Exercise data:
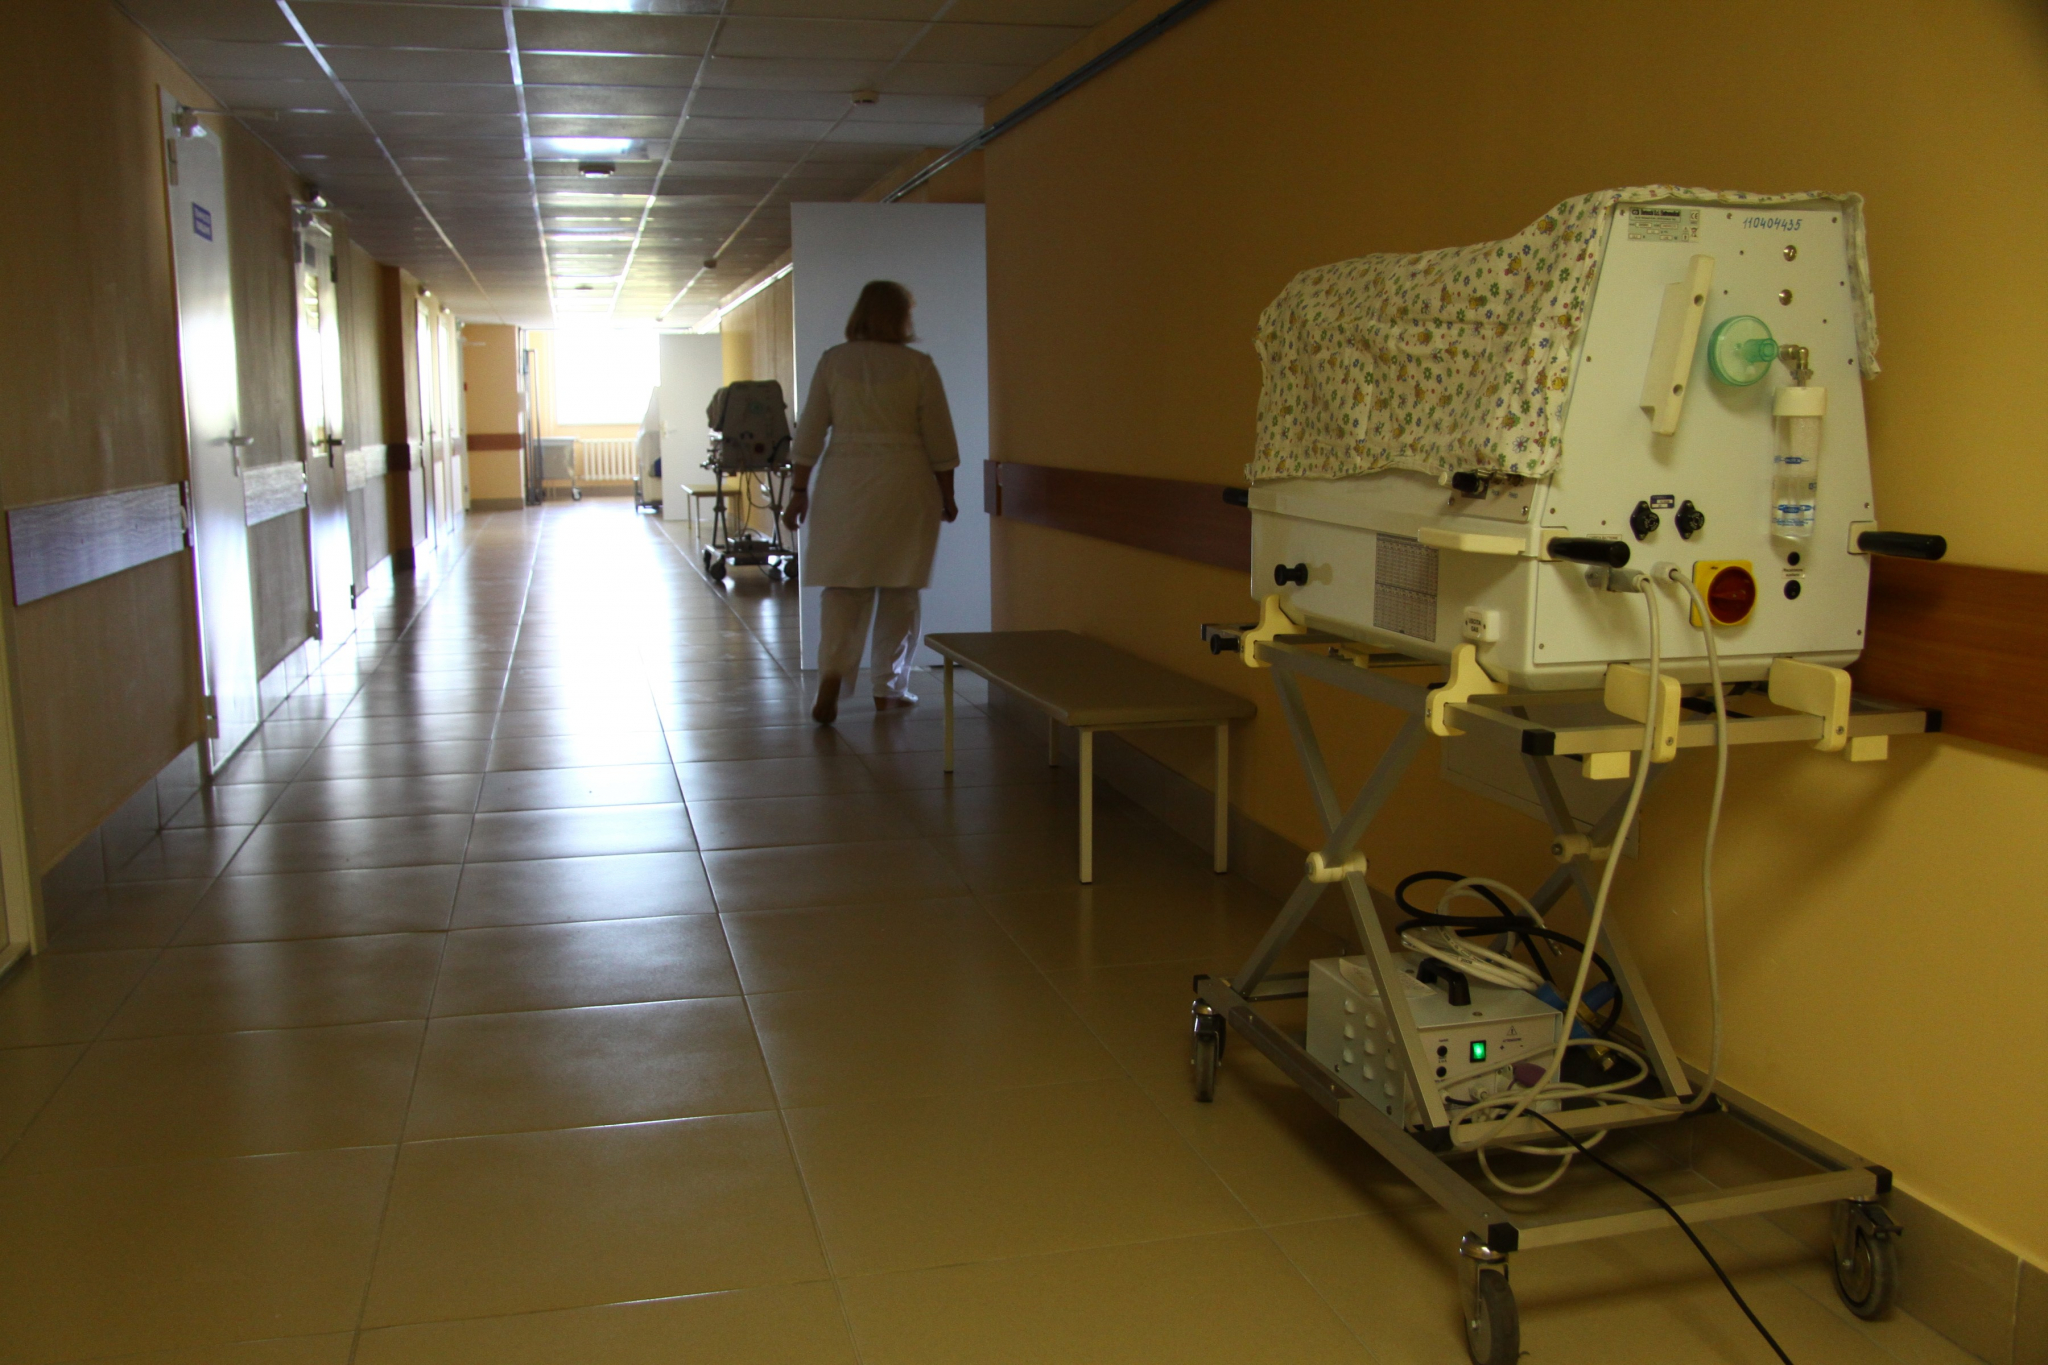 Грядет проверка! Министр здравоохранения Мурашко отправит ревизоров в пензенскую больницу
==
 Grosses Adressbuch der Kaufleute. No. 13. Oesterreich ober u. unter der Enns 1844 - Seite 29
---
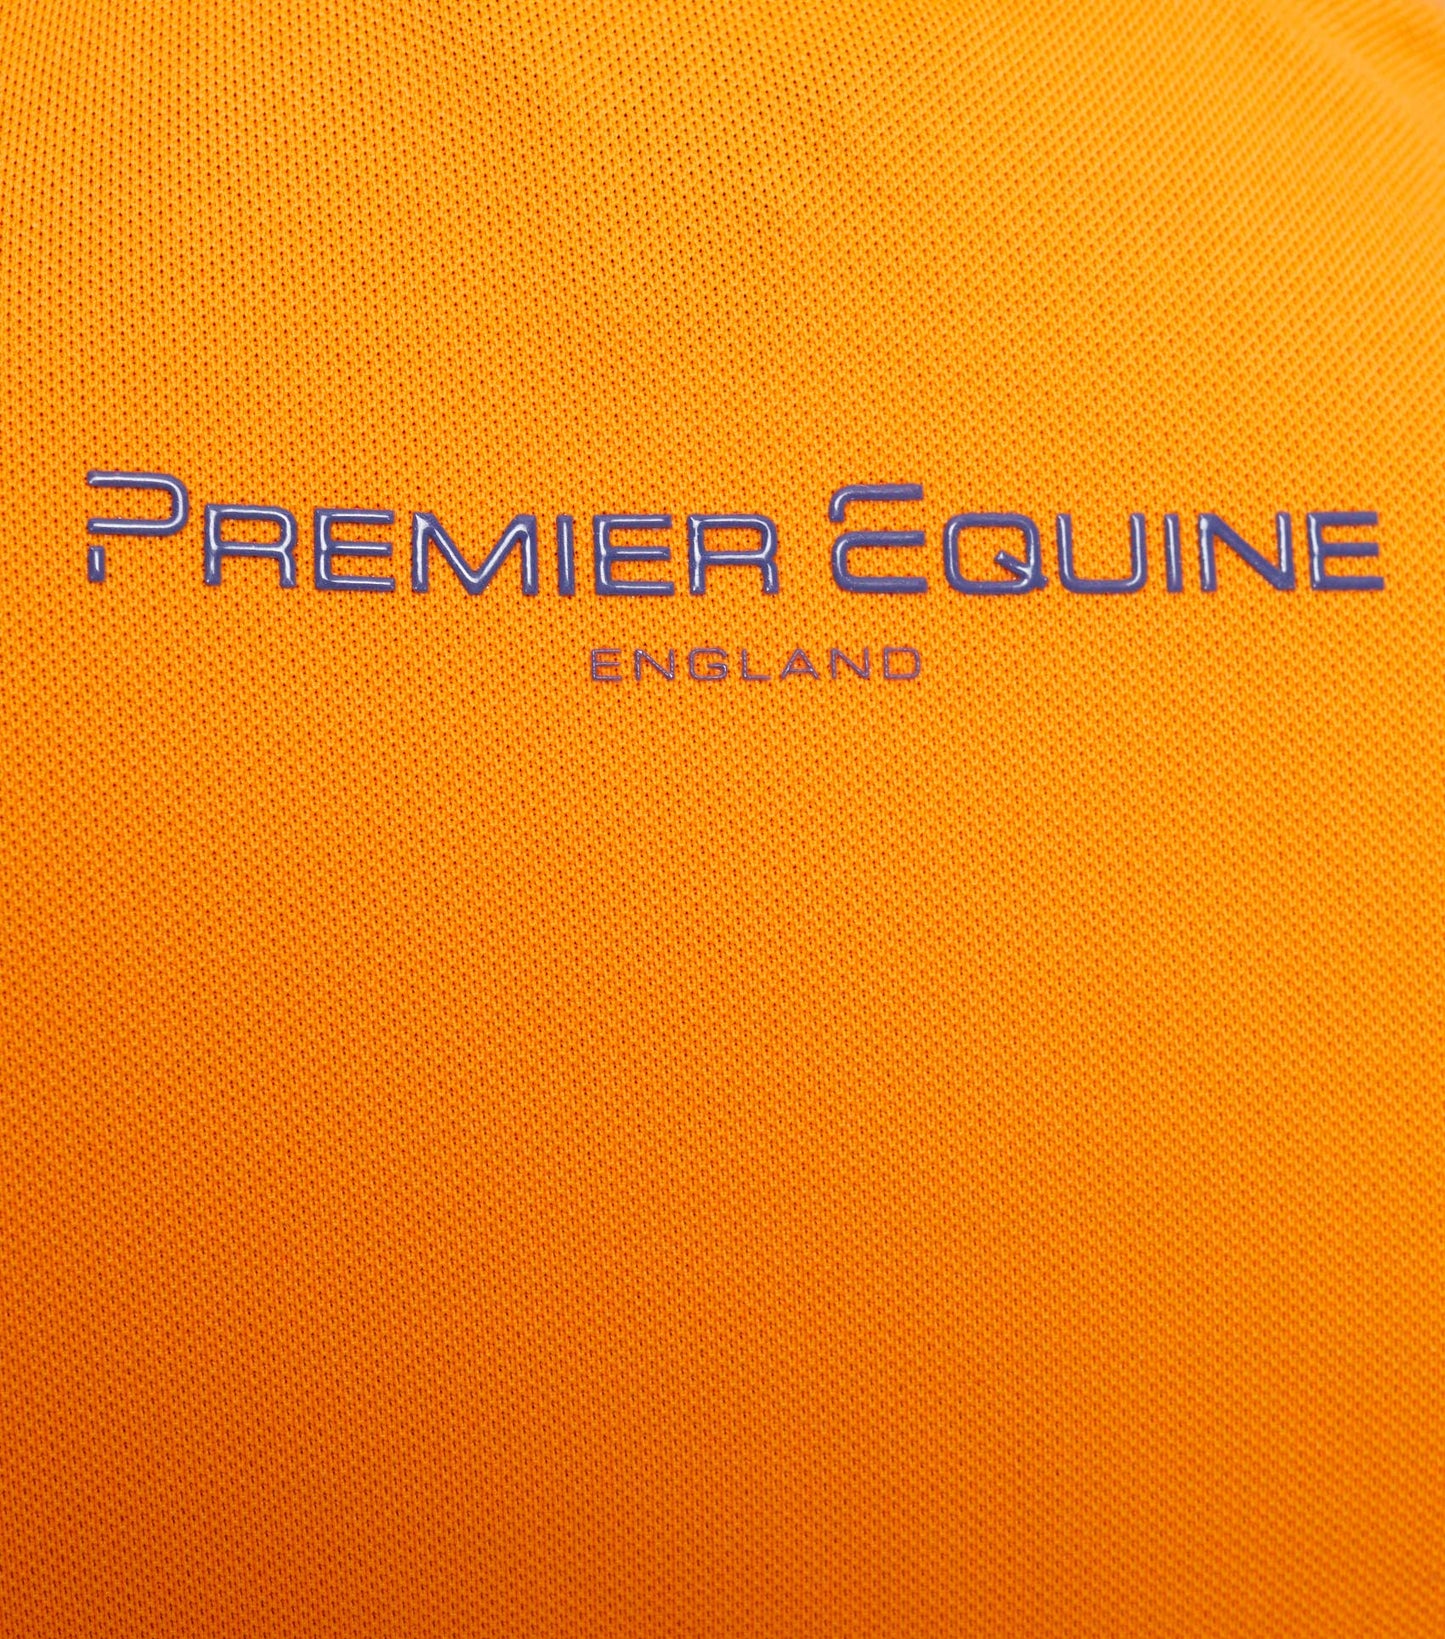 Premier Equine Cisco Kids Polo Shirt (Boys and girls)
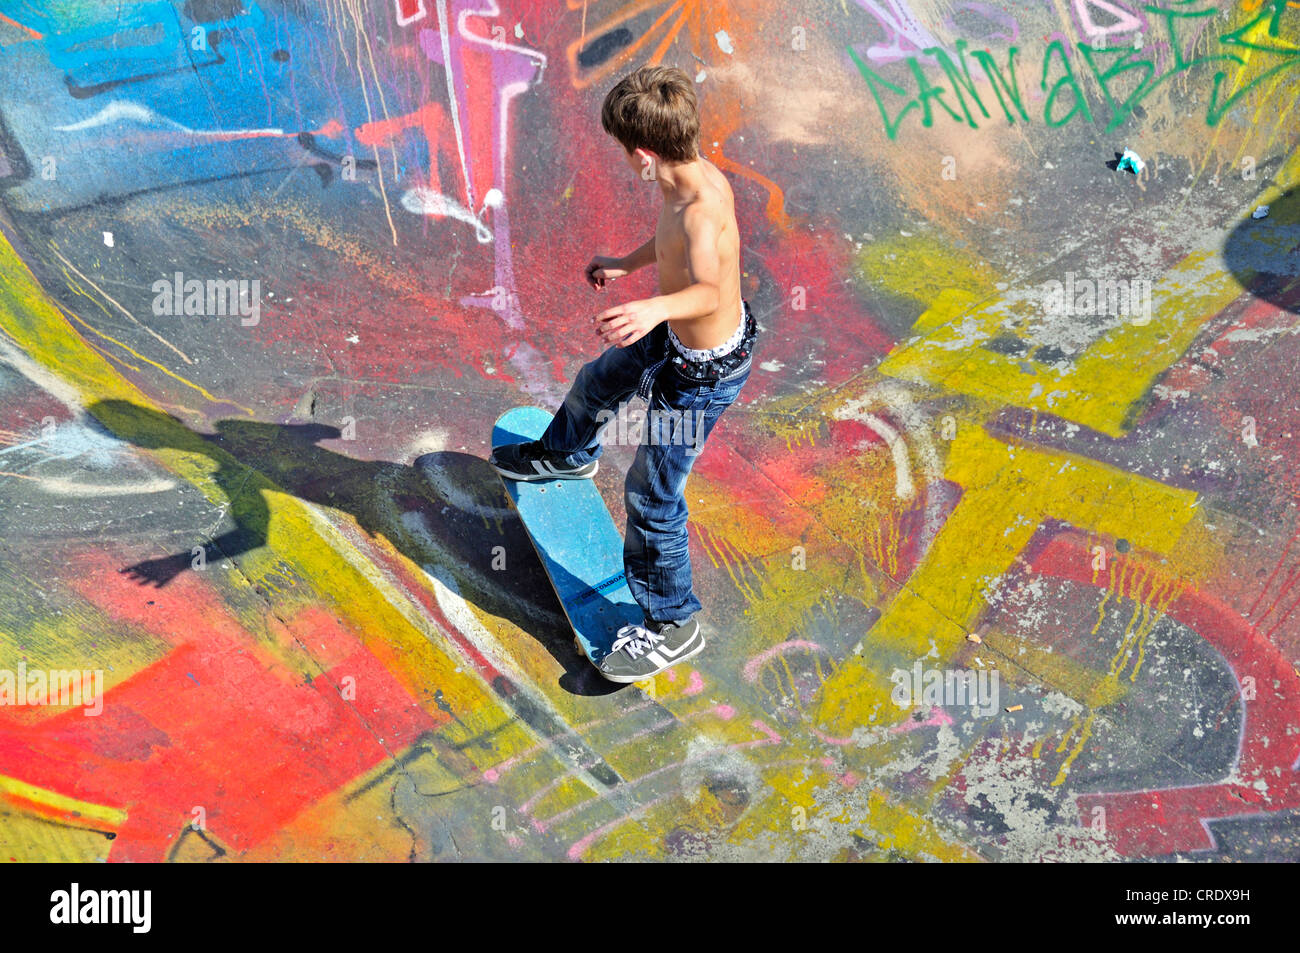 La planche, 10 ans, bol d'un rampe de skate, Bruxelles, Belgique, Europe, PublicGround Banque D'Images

Problem statement: Give exactly the lines above that run from the line with "Premier Equine Cisco" to the line with "La planche, 10", both included, leaving every picture out.

Problem solution:
 Premier Equine Cisco Kids Polo Shirt (Boys and girls)
 La planche, 10 ans, bol d'un rampe de skate, Bruxelles, Belgique, Europe, PublicGround Banque D'Images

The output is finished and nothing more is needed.